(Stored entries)
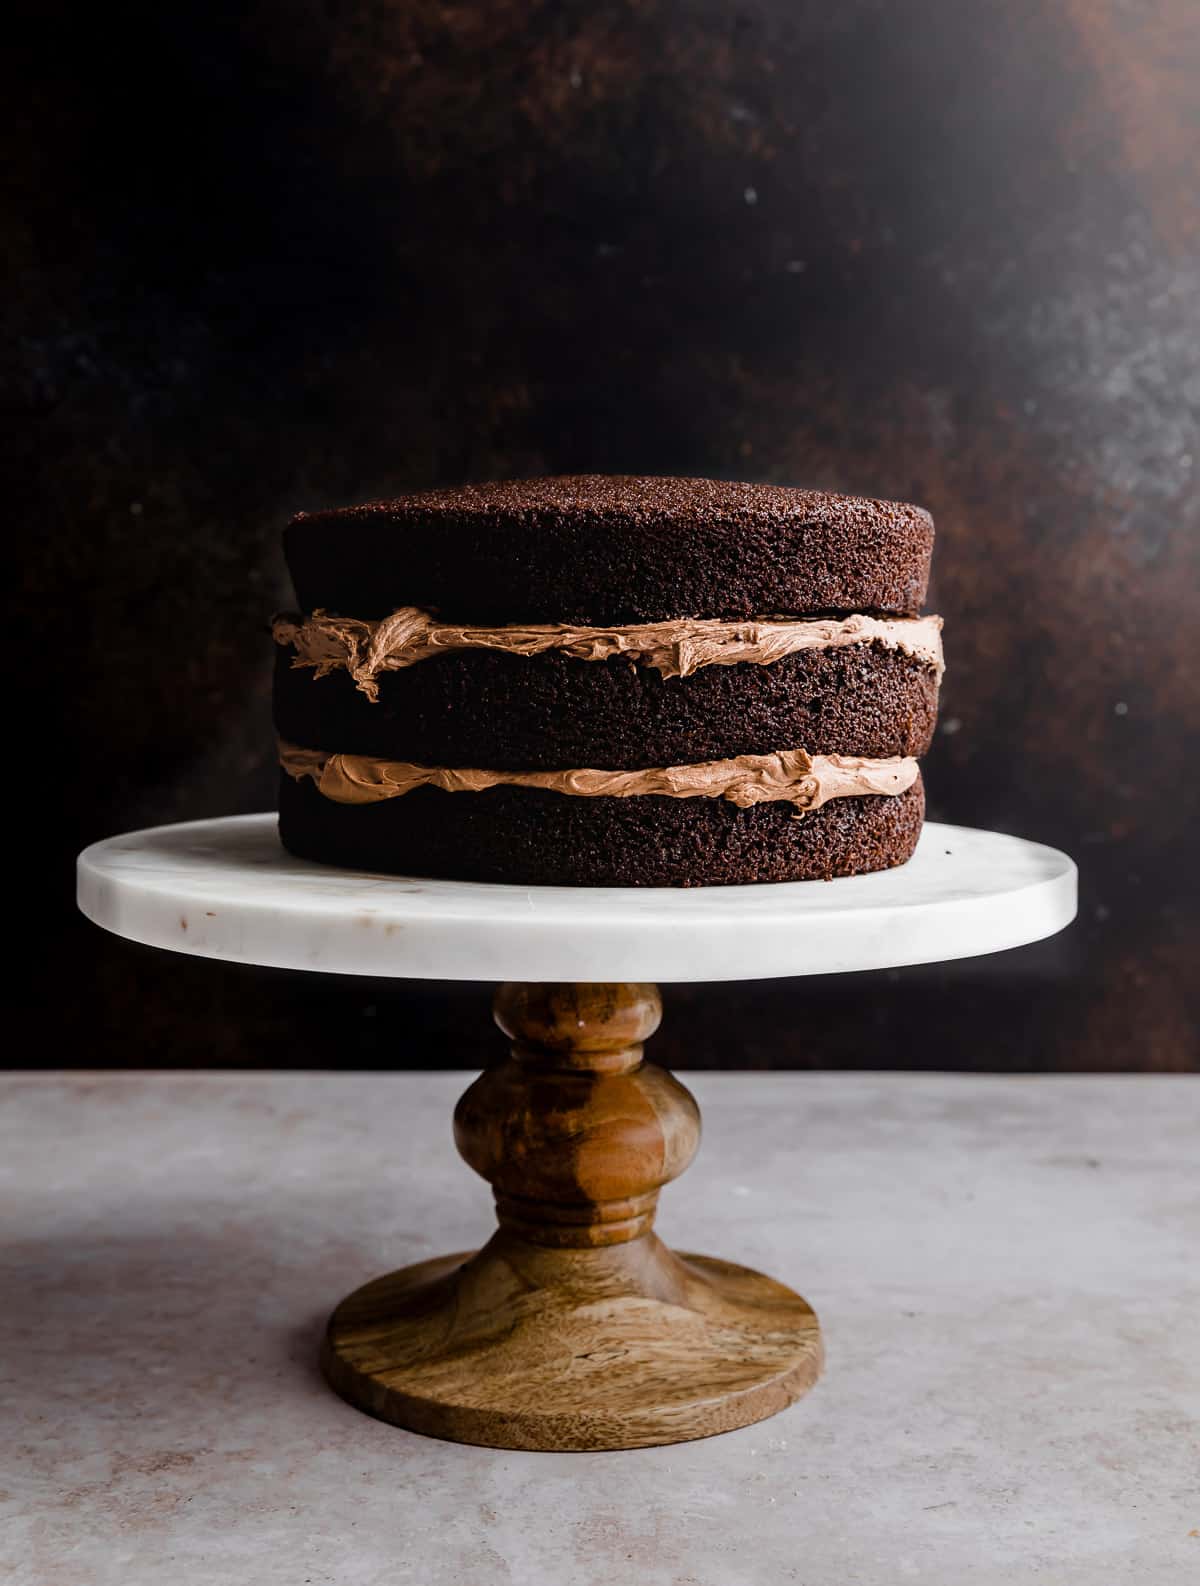 A three tiered chocolate cake with chocolate buttercream frosted between each layer.
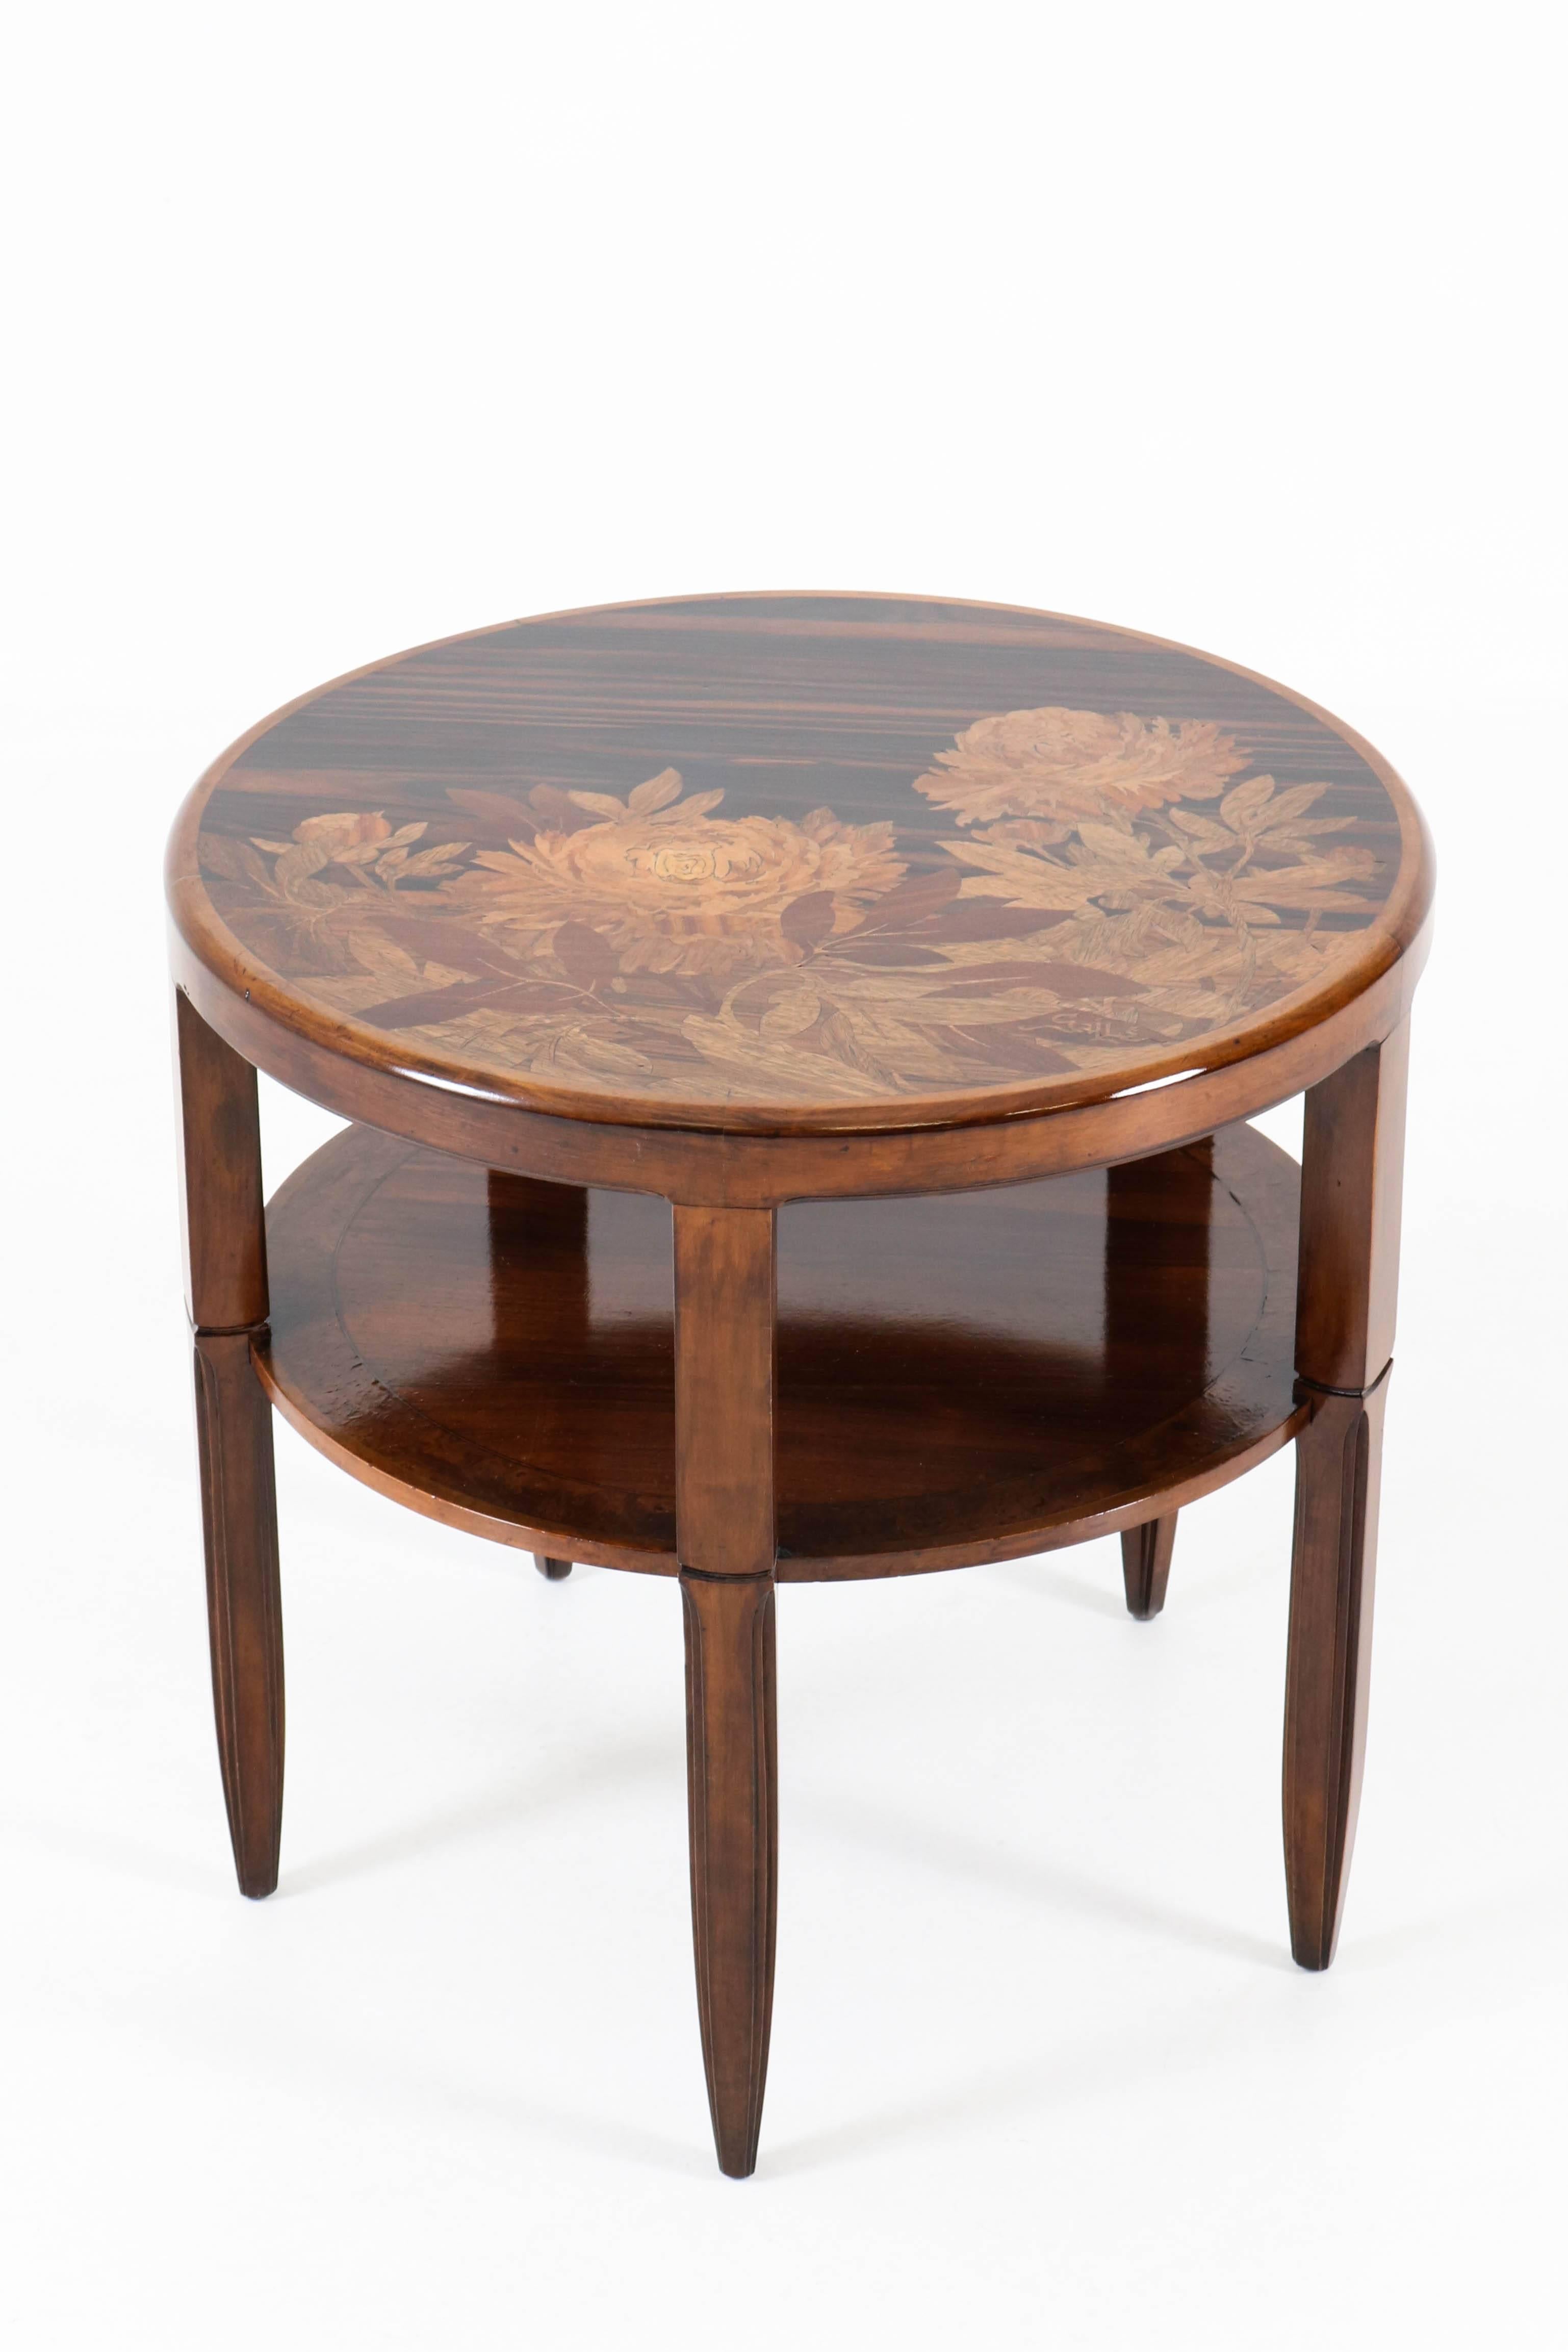 Stunning French Art Nouveau marquetry table by Emile Gallé, 1900s
Walnut and Macassar ebony.
Signed Gallé on top.
In good original refinished condition with minor wear consistent with age and use,
preserving a beautiful patina.

[ACTIVITY]:
Each line above, from the one that contains "Signed Gallé on top." to the last line of the records, should be repeated exactly. Leave out all others.

[ANSWER BOX]:
Signed Gallé on top.
In good original refinished condition with minor wear consistent with age and use,
preserving a beautiful patina.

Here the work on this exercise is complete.